### Imports

In [None]:
# Datamanipulation 
import pandas as pd
import numpy as np
import unicodedata
# Working with images
import cv2
# Path tools
import glob
import os
# Stringmatching
from fuzzywuzzy import fuzz
# Vizualization
from matplotlib import pyplot as plt
import json



### Functions

In [None]:
def compare_frames_screenshot_with_matchTemplate(video_path, screenshot_path):
    """ For a given video and screenshot this function returns the frame of the video 
    with the highest simmilarity to the screenshot using openCV matchTemplate"""

    screenshot = cv2.imread(screenshot_path, cv2.IMREAD_GRAYSCALE)
    video = cv2.VideoCapture(video_path)
    highest_match_score = 0
    highscore_frame = 0

    for i in range(0,int(video.get(cv2.CAP_PROP_FRAME_COUNT))):
        video.set(cv2.CAP_PROP_POS_FRAMES, i)
        success, extracted_frame = video.read()

        if not success:
            print(f"Warning: Could not read frame {i}")
            continue
        
        extracted_frame_gray = cv2.cvtColor(extracted_frame, cv2.COLOR_BGR2GRAY)

        result = cv2.matchTemplate(extracted_frame_gray, screenshot, cv2.TM_CCOEFF_NORMED)
        min_val, max_val, min_loc, max_loc = cv2.minMaxLoc(result)

        if max_val > highest_match_score:
            highest_match_score = max_val
            highscore_frame = i

    print(f"frame number: {highscore_frame} has the highest score with:  {highest_match_score}")

    return highest_match_score, highscore_frame


def plot_frame(image):
    image_rgb = cv2.cvtColor(image, cv2.COLOR_BGR2RGB)
    # Plot the image with matplotlib
    plt.imshow(image_rgb)
    plt.axis('off')  # Turn off axis
    plt.title("Image from OpenCV")
    plt.show()

def contains_umlaut_or_sharp_s(s):
    umlauts_and_sharp_s = set("äöüÄÖÜß")
    normalized_string = unicodedata.normalize("NFC", s)
    return any(char in umlauts_and_sharp_s for char in normalized_string)

### Sort, filter and structure videos and images

In [114]:
#path_to_images = "/Volumes/ThesisUSB/AVP XC Skiing Data/Skating 2-1 armswing/pictures/lateral/"
path_to_images = "D:\\AVP XC Skiing Data\\Skating 2-1 armswing\\pictures\\lateral\\"
skier_images = glob.glob(path_to_images + "*.jpg") + glob.glob(path_to_images + "*.png")

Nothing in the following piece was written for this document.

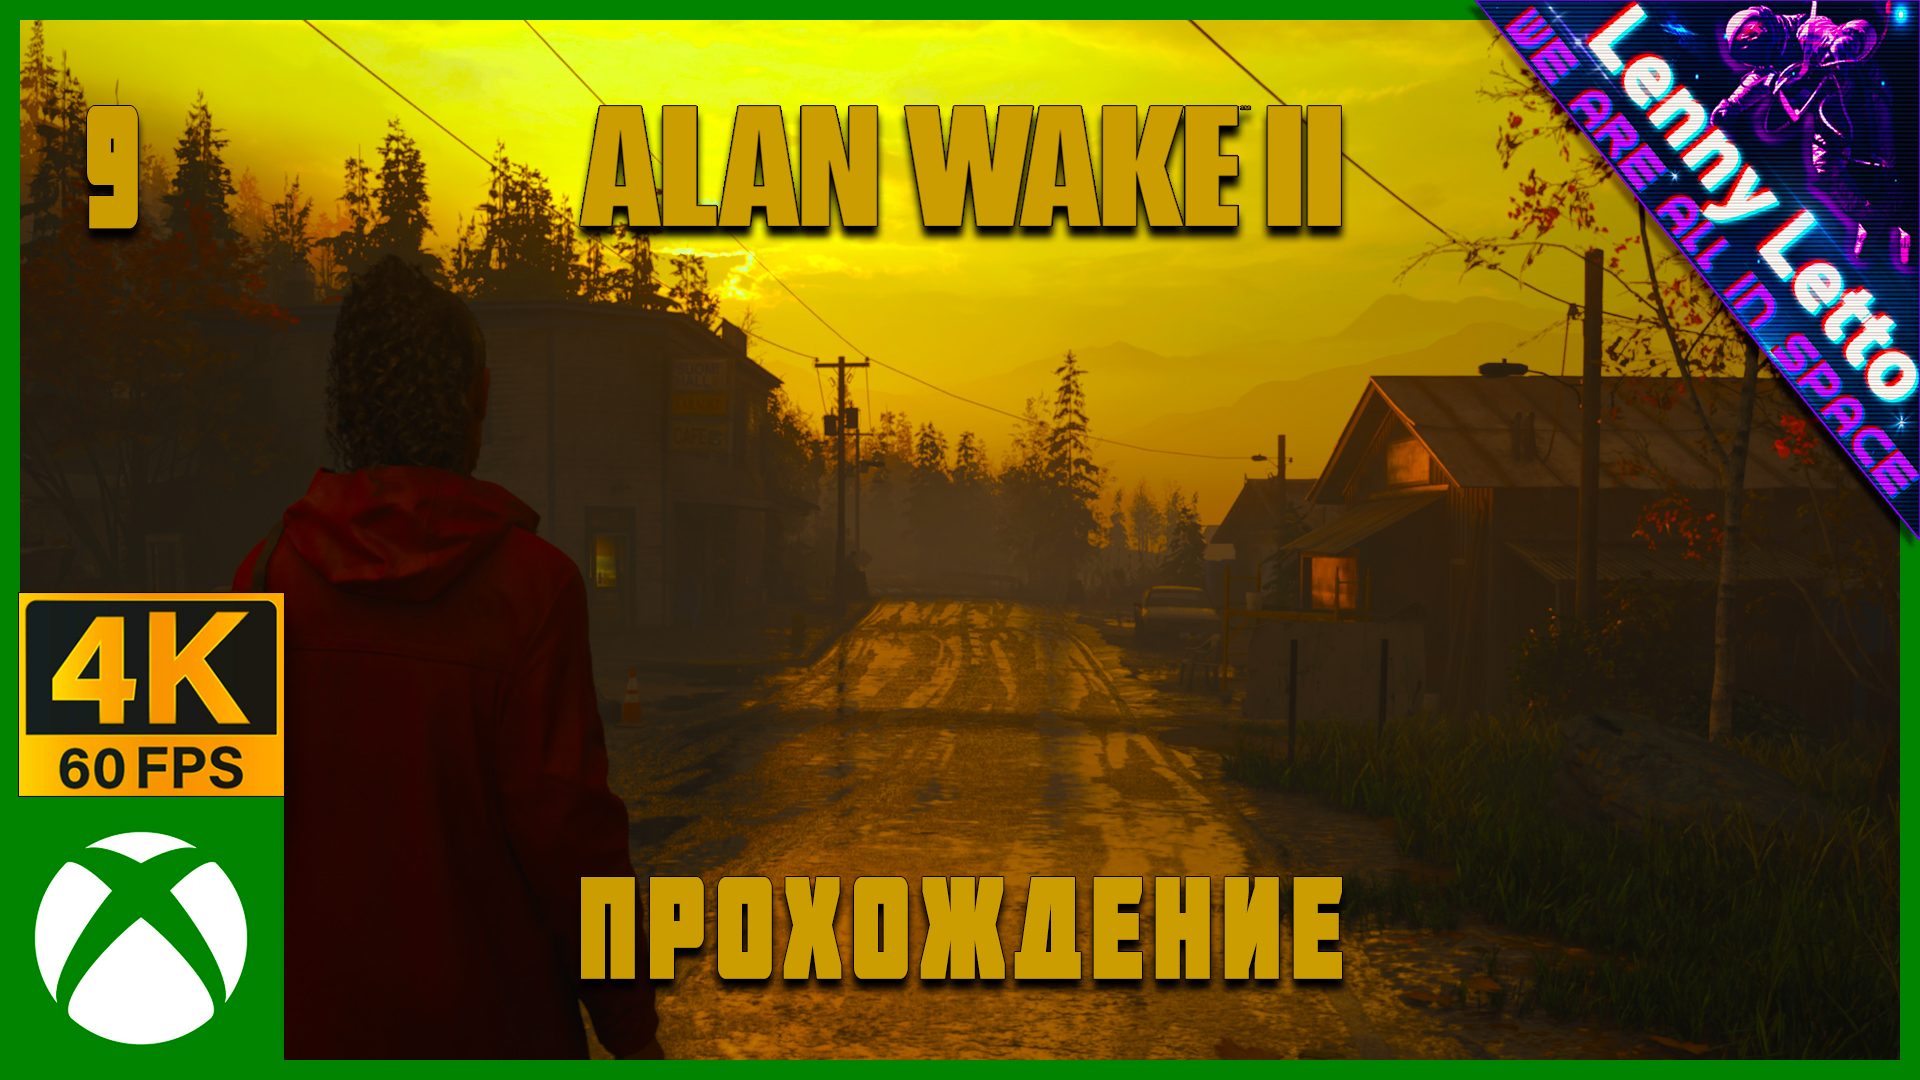 Alan Wake 2 | Прохождение. Часть 9 | XBSX 4K 60FPS

#path_to_videos = "/Volumes/ThesisUSB/AVP XC Skiing Data/Skating 2-1 armswing/videos/lateral/"
path_to_videos = "D:\\AVP XC Skiing Data\\Skating 2-1 armswing\\videos\\lateral\\" 
skier_videos = glob.glob(path_to_videos + "*.[mM][pP]4") + glob.glob(path_to_videos + "*.[mM][oO][vV]")
skier_videos = [video for video in skier_videos if "_lq" not in video] # exclude all videos containing "_lq" to avoid double videos

image_file_names = []
video_file_names = []

for image_path in skier_images:
    file_name_with_extension = os.path.basename(image_path)
    image_file_names.append(file_name_with_extension)

for video_path in skier_videos:
    file_name_with_extension = os.path.basename(video_path)
    video_file_names.append(file_name_with_extension)

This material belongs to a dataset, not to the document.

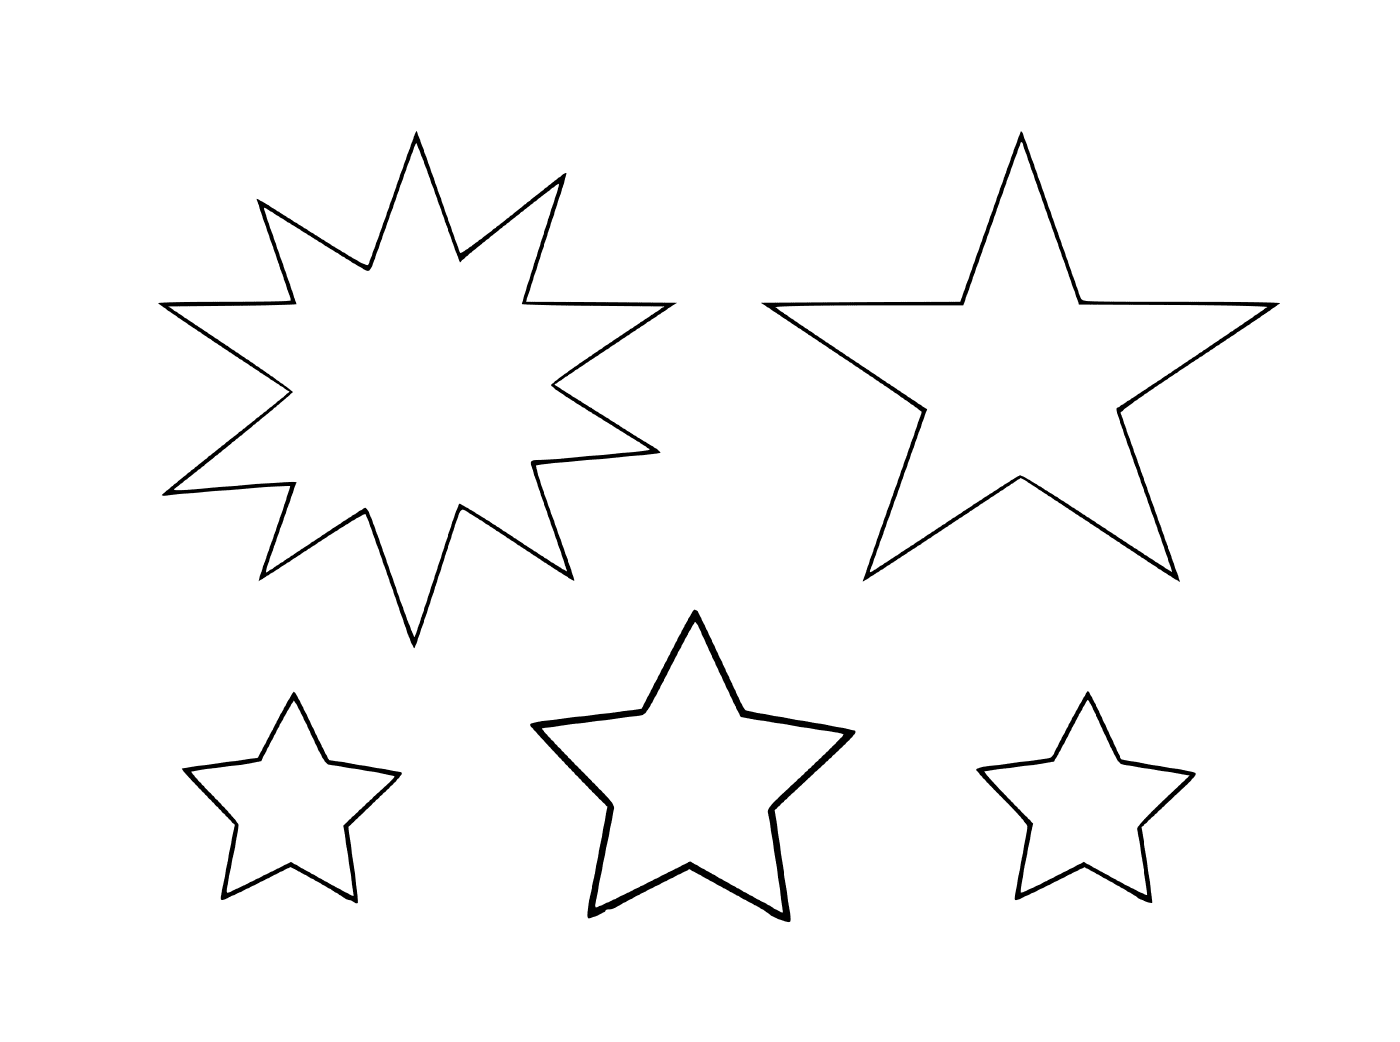  A set of six different stars

### Generation of a dictionary containing video names (keys) with 5 matching label imagenames (values) 

In [117]:
videos_and_images_dict = {}

for video_string in video_file_names:
    images_per_vid_dict = {}
    for image_string in image_file_names:
        score = fuzz.ratio(video_string, image_string) # fuzzywuzzy used to compare simmilarity of strings
        images_per_vid_dict[image_string] = score

    top_5 = dict(sorted(images_per_vid_dict.items(), key=lambda item: item[1], reverse=True)[:5])
    key_list = list(top_5.keys())

    videos_and_images_dict[video_string] = key_list

### Find label frames in video 

In [None]:
path_to_screenshot = path_to_images + videos_and_images_dict['Hermann Noemi.mp4'][1]
path_to_frame = path_to_videos + "Hermann Noemi.mp4"

print(path_to_frame)
print(path_to_screenshot)
compare_frames_screenshot_with_matchTemplate(path_to_frame, path_to_screenshot)

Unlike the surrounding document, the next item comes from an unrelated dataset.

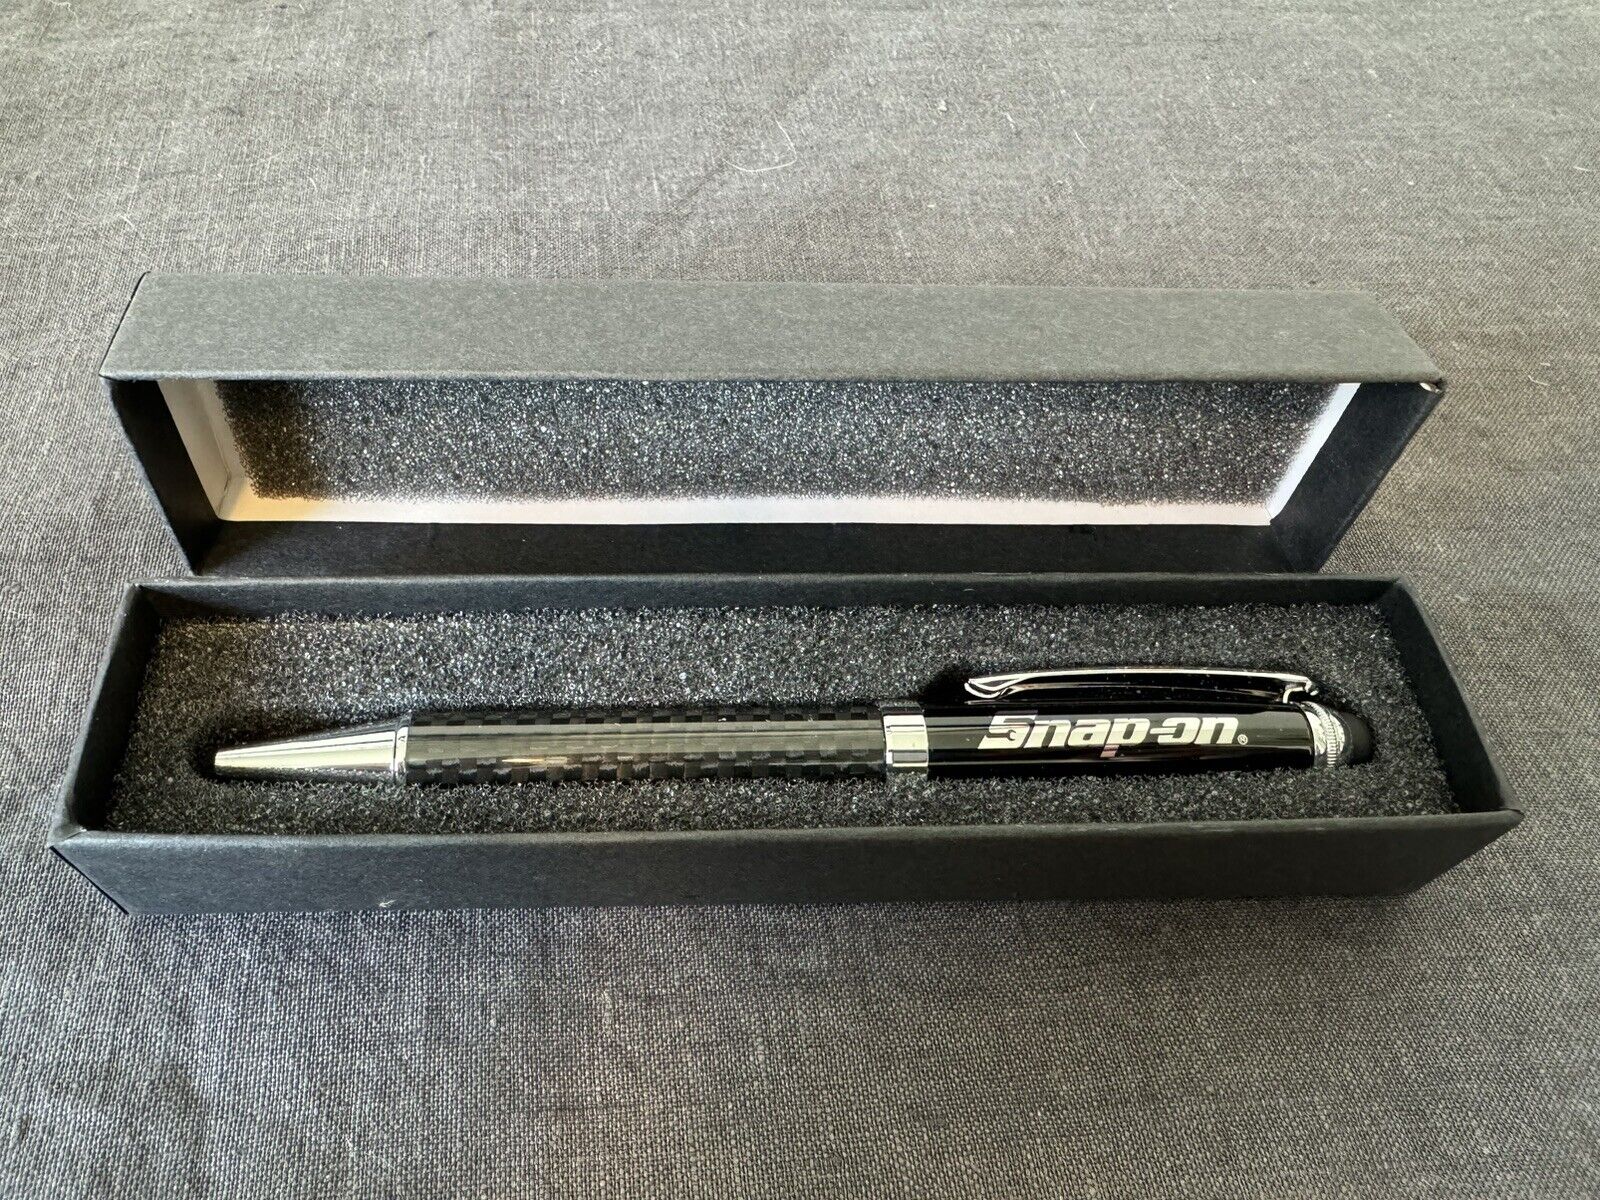 Snap-on Tools NEW Carbon Fiber Pocket Pen - Black Ink, Stylus on end for Phone

D:\AVP XC Skiing Data\Skating 2-1 armswing\videos\lateral\Hermann Noemi.mp4
D:\AVP XC Skiing Data\Skating 2-1 armswing\pictures\lateral\Hermann Noemi_004.jpg
frame number: 63 has the highest score with:  0.9992833137512207


(0.9992833137512207, 63)

### Generation of dict containing Video and Label Frames 
- Iteration over videos_and_images_dict to find the highscoreframe which is the full label frame 

In [None]:
label_frames_dict = {
    "videos": []
}

for key, value in videos_and_images_dict.items():
    print(f"Processing video: {key}")

    single_video_dict = {
        "videoname": key,
        "frame_details": []
    }

    for screenshot in range(len(value)):
        print(f"Processing screenshot {screenshot} for video {key}")
        
        frame_detail_dict = {}
        path_to_frame = path_to_images + key
        path_to_screenshot = path_to_images + videos_and_images_dict[key][screenshot]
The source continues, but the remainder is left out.